Xerox – Using ‘Big Data’ to Innovate
‘Big Data’ is not just about the collection of random data but also about the organic creation of more data.  The CTO at Xerox, Ms. Sophie Vandebroek, taps on ‘Big Data’ for innovation by treating its workforce as data points and deliberately mixing and matching unlikely pairs of experts to see what can happen. Xerox believes that innovation evolves when experts from different fields of study can look inward at a problem and lend a relevant suggestion.
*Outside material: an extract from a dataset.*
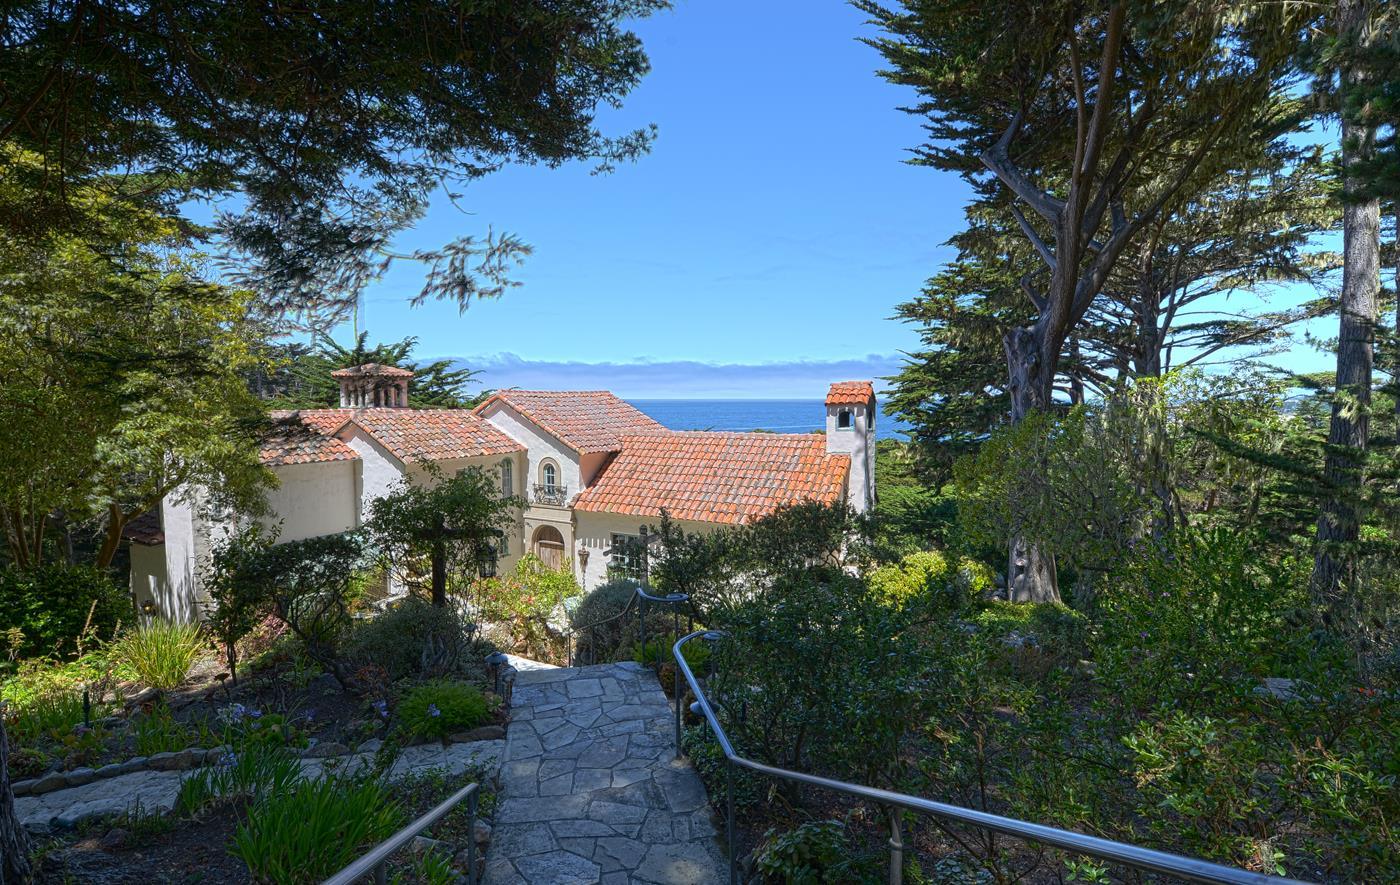 Single Family Home for Sale at 176 Spindrift 176 Spindrift Carmel, California 93923 United States

However, hitting a home run is analogous to winning a lottery ticket. For this reason, Xerox and other companies like Shell International with their “Game Changer” program encourage their participants to be critical from the out start and seek the fastest routes to failure before committing to a new idea.

In Summary
‘Big Data’ offers so many options for companies that without a clear set of objectives CEOs could run up huge losses from negative investment returns. Similar to chasing the end of a rainbow, ‘Big Data’ can become elusive, misleading, and overwhelming. One distinction that became clear from the EmTech 2012 conference was the growing importance of the Industrial Internet where machines communicate with other machines. Although the social data is useful for understanding markets and spotting new trends, industrial data is by far the platform-of-choice for what soon will become the ‘BIGGER DATA’.